…Речь идет о деревне С-овке, находящейся в 8-10 верстах от станции железной дороги. В деревни всего 70 дворов. Детей школьного возраста 60-70, и все посещают школу.
«Детей мало и любят их в С-овке - и дома, и в школе. Растут они себе свободные, веселые, и всякое горе скользит по ним, не оставляя глубокого следа». Так характеризует своих питомцев учительница С-ской школы.
«И вот подошло лето 1914 года. Мобилизация. Дети не сразу поняли, в чем дело. Война вначале вызвала в детском уме какое-то смятение. Война - значит солдаты, ружья, музыка, бой, победа. Так видали они на картинах и слыхали от старших...»
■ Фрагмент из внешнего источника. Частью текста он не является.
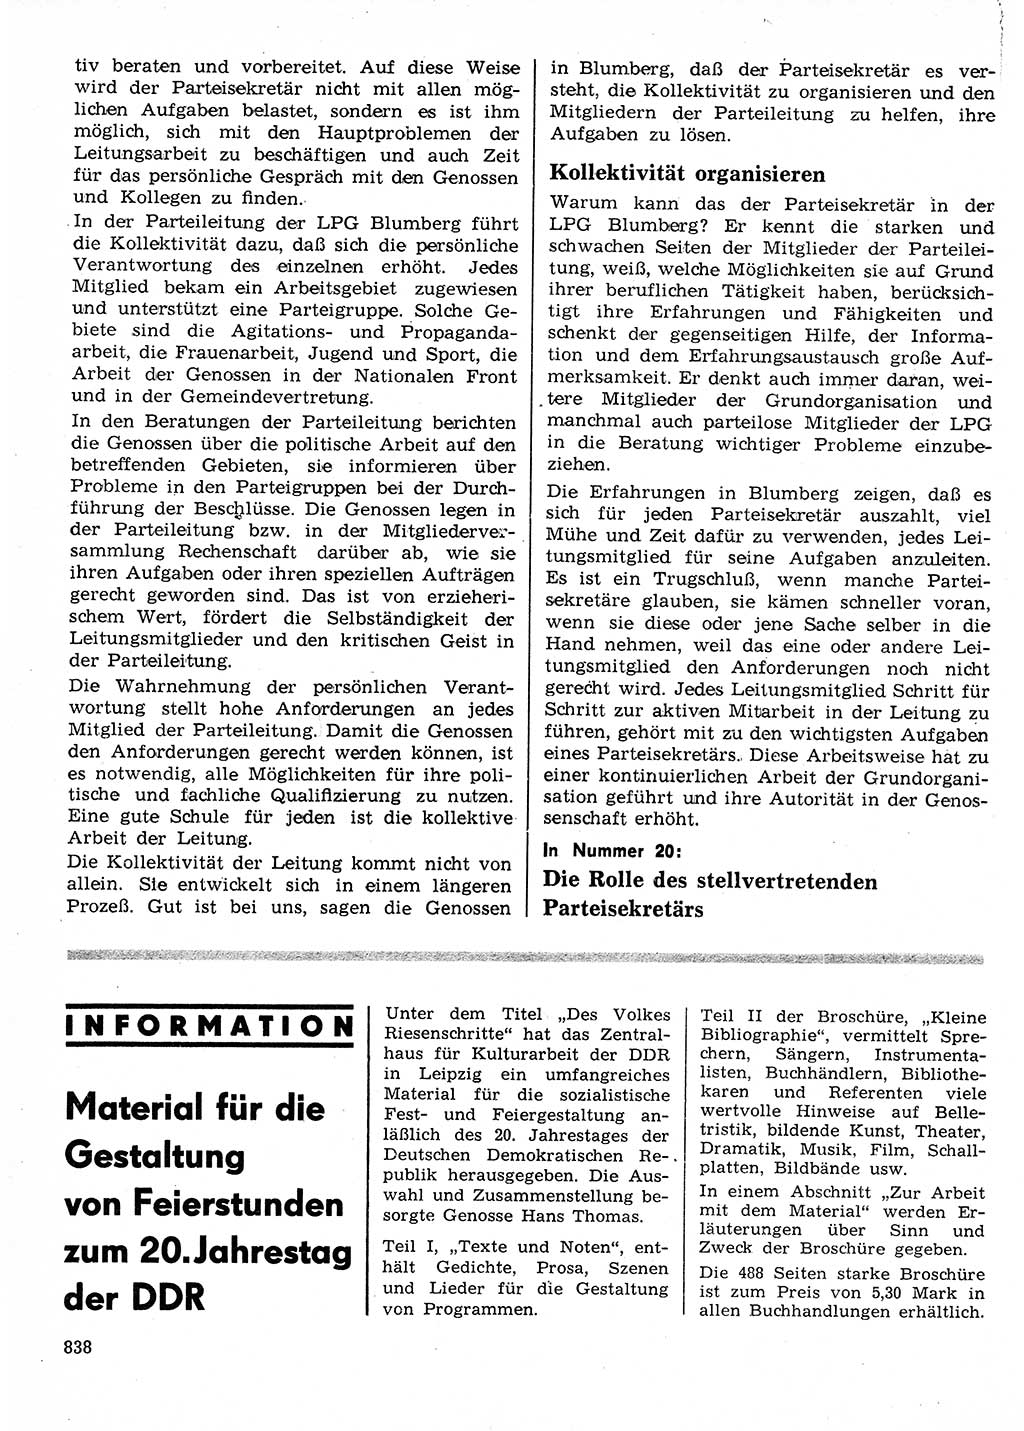 Neuer Weg (NW), Organ des Zentralkomitees (ZK) der SED (Sozialistische Einheitspartei Deutschlands) für Fragen des Parteilebens, 24. Jahrgang [Deutsche Demokratische Republik (DDR)] 1969, Seite 838 (NW ZK SED DDR 1969, S. 838)

В первую мобилизацию из С-овки взяли на войну всего 9 человек.
«Расстались. Проводили запасных и, как во всякой деревне, много было плачу, много боли. Все всколыхнулись и горько плакали дети, которым пришлось расстаться с отцами и братьями».
«По городам бывали манифестации. В деревнях их не понимают. И когда по соседству кто-то вздумал устроить манифестацию, всем в деревне показалось это чудным. Собралась кучка людей, взяли флаг и пошли по деревням с пением. Ребята увидели первые и забегали по улице с криком: «Война идет! война идет!». Кое-где вышли бабы, подивились и разошлись. Никто ничего не понял».
«И все поняли, когда пришли с почты солдатские письма, стали читать газеты, телеграммы».
Чуть ли не каждый день приходится с-овским крестьянам ездить на станцию, и всегда они привозят с собою телеграммы. В деревне выписывают 6 - 7 газет.
«И жутко стало в деревне. И первые письма солдатские были печальны. И ждали люди. А дети всюду торчат, все слышат, все читают: письма, телеграммы, газеты».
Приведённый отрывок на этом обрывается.